Kuwait and Microsoft signed an agreement in London Monday aimed at using modern technology in Kuwait schools. The agreement, signed by Kuwait's Minister of Education and Minister of Higher Education Dr. Bader Al-Essa and Microsoft Kuwait general Manager Charles Nahas, is designed to teach teachers and principals on how to use technology in education, and then eventually transform it to students.
"The first phase will include the training of 2,000 teachers and this will increase to around 10,000 teachers according to a specific timetable," Al-Essa said in a statement to KUNA and Kuwait TV after signing the agreement.
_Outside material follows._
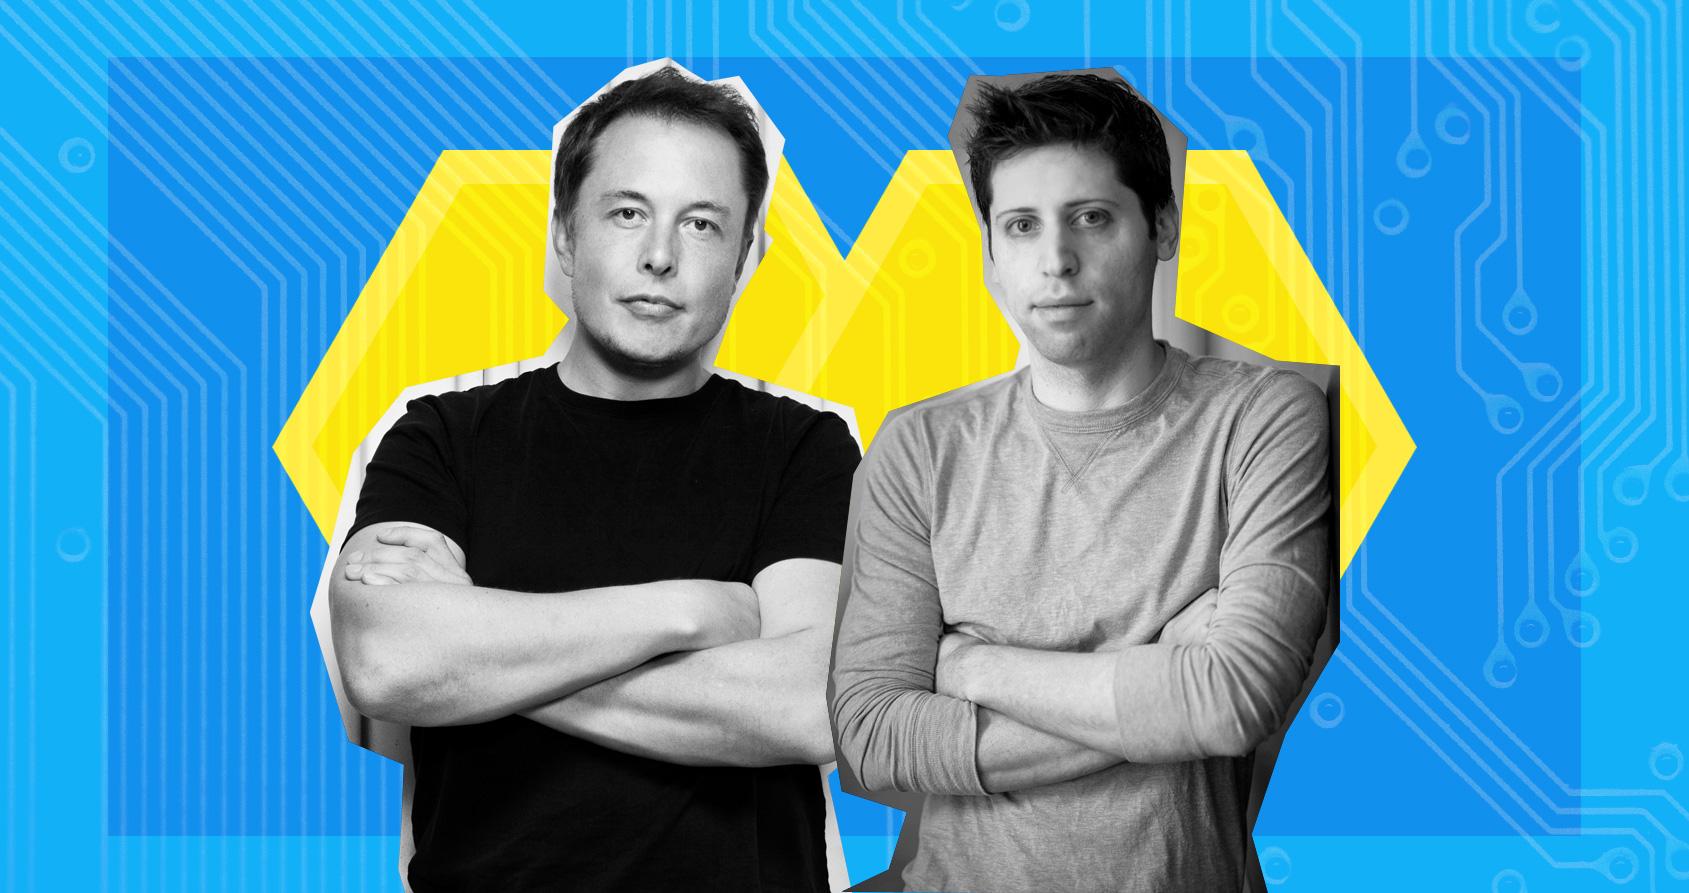 Les tunnels d'Elon Musk : vie et mort des embouteillages
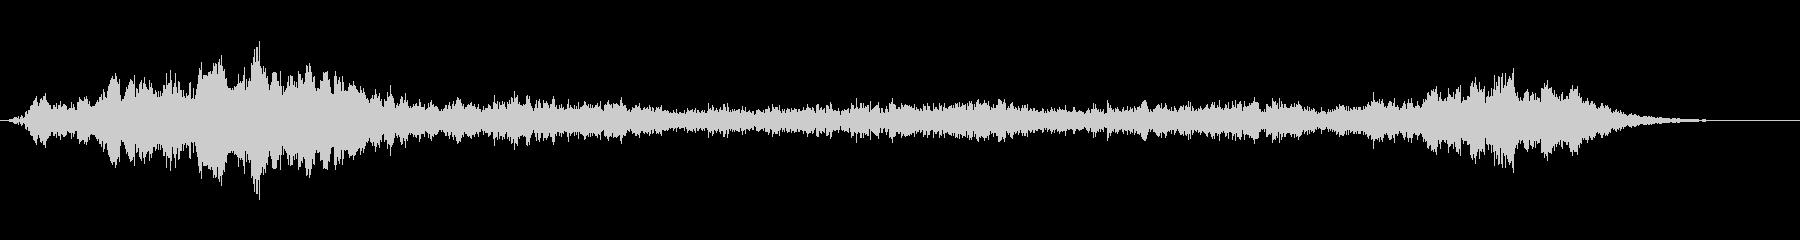 シリアス音3の未再生の波形

The Ministry of Education is keen on developing education by all means, said Al-Essa, making the remarks on sidelines of an international conference on educational and instructional technology.
"The agreement we signed today does not entail any financial burdens on the ministry, but it is an assistance by Microsoft to develop education by using technology in the State of Kuwait," he added.
"The governments in our countries and advanced countries cannot develop education by themselves but need to use capabilities and expertise of the private sector," he said.
On the conference, Al-Essa said he participated in a session about the role of teachers and how they could use e-education while teaching.
"The teacher is the backbone of the educational process and should be capable of conveying the information in a way that is easy and understood while using e-education," said the minister.
E-education will also enable the student to assume larger responsibilities in the educational process, he said, by exploration, experssion and experiment in order to encourage critical thinking.
Nahas, for his part, said e-education in school was an revolution to develop skills of individuals in particular and community in general. Speaking to KUNA, Nahas said this era was characterized with rapidly-growing information technology, which required the preparation of kids and youth so they could use it.
British Secretary of State for Education Nicky Morgan inaugurated the conference earlier yesterday.